Justice Thomas, joined by Justice Alito, dissented. Justice Thomas would have denied class certification because the “plaintiffs’ claims here had one element that was clearly individualized: whether each employee worked over 40 hours without receiving full overtime pay.” Justice Thomas rejected the majority’s reasoning that the representative evidence could have been used to support each employee’s individual claim because the study could not show “how fast [individual employees] walk, don, or doff—the key variables here for FLSA liability.” Justice Thomas also chided the majority for putting to employers an “untenable choice. They must either track any time that might be the subject of an innovative lawsuit, or they must defend class actions against representative evidence that unfairly homogenizes an individual issue.”

Looking Forward

The Court’s decision in Tyson Foods is narrow: “In FLSA actions, inferring the hours an employee has worked from a study such as [that of the plaintiffs’ expert] has been permitted by the Court so long as the study is otherwise admissible.”

The Court left for another day any further guidance on the use of representative evidence in class and collective actions. The Court also declined to address the standard for proceeding as an FLSA collective action. Going forward, the primary effect of Tyson Foods is likely to be significant litigation in the lower courts about whether and under what circumstances representative evidence can be used to certify class and collective actions. Employers also will need to consider whether to keep records of time that may not be compensable under their policies but may be subject to challenge by employees, as the lack of such records will allow for inferences about hours worked that may not otherwise be permissible.

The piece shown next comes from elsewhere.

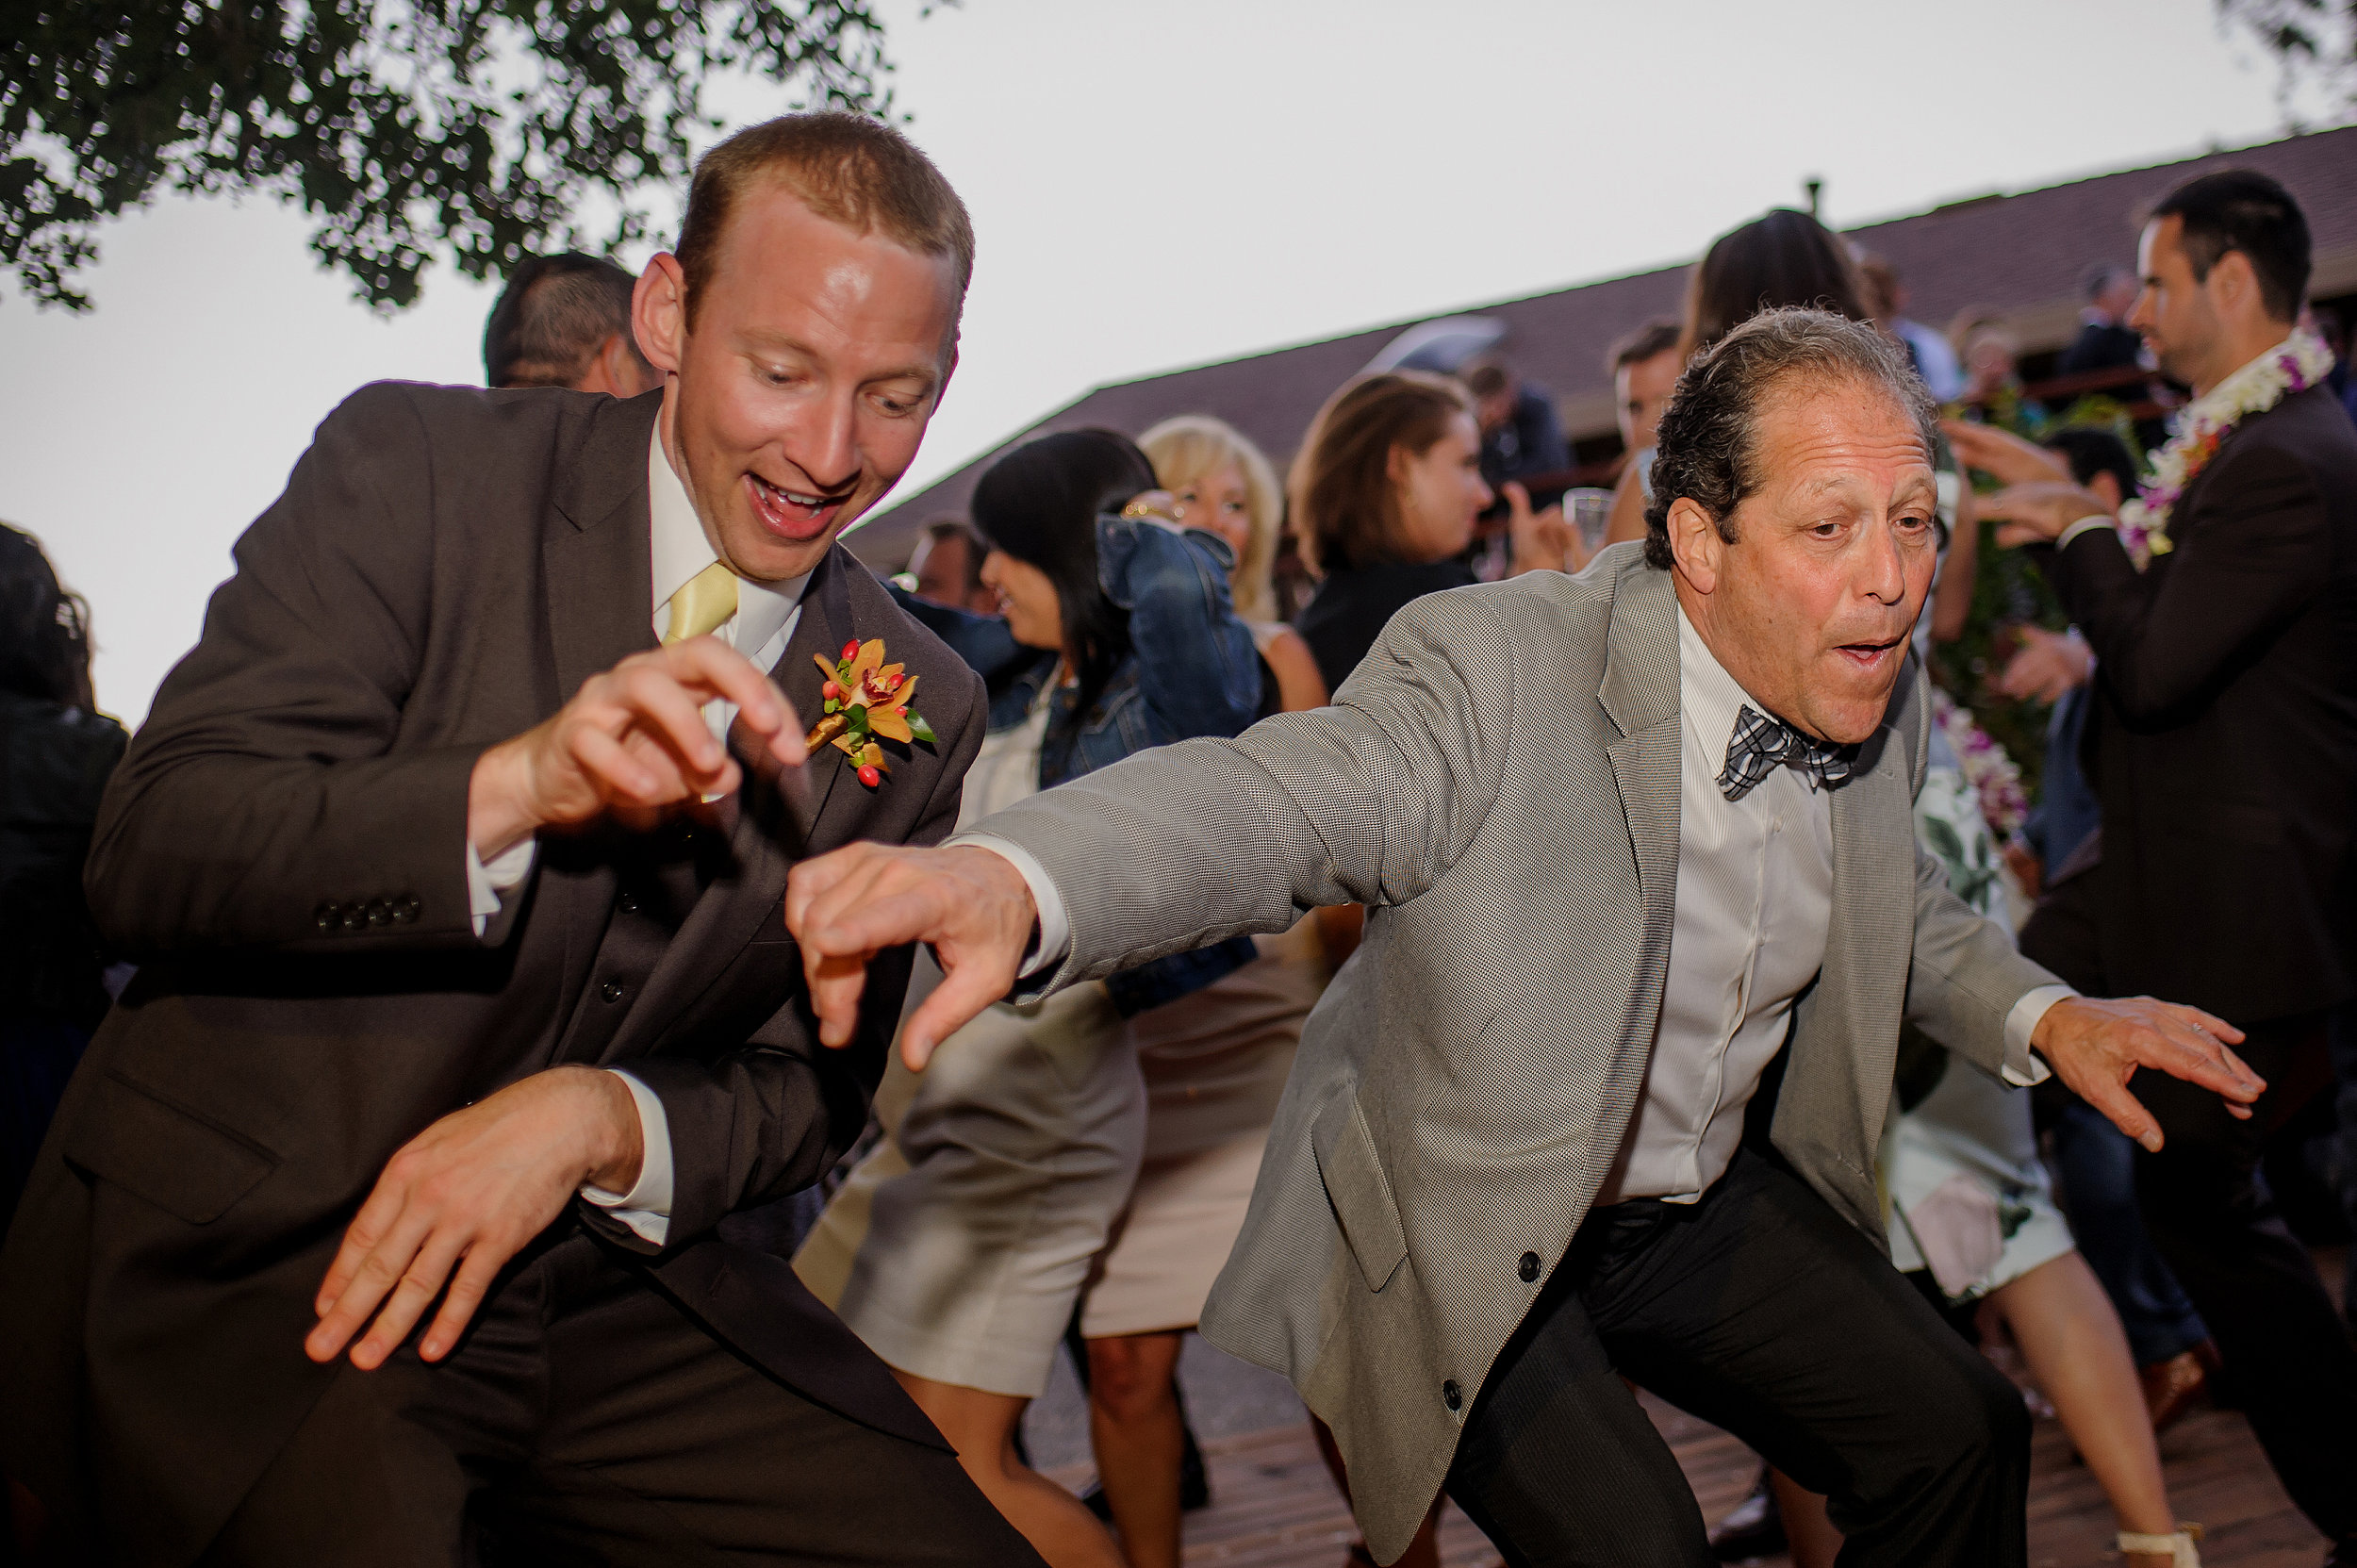  Dancing during reception of backyard wedding in Sonoma California.&nbsp;

[1] Bouaphakeo v. Tyson Foods, 765 F.3d 791 (8th. Cir. 2014).

[2] Tyson Foods, Inc. v. Bouaphakeo, 577 US ___ (2016).

[3] Id. at *4 (citing 564 F.Supp.2d 870, 899 (N.D. Iowa 2008).

[4] Id. at *8.

[5] Id. at *9.

[6] Id.

[7] Id. at *10.

[8] Id. at *11.

[9] Id. (citing Mt. Clemens, 328 US at 687).

[10] Id. at *12.

[11] Id. at * 14.

[12] Id. (quoting Mt. Clemens, 328 US at 687).

[13] Id.

[14] Id. at *15.

[15] Id.

[16] Id. at *16.

DISCLAIMER: Because of the generality of this update, the information provided herein may not be applicable in all situations and should not be acted upon without specific legal advice based on particular situations.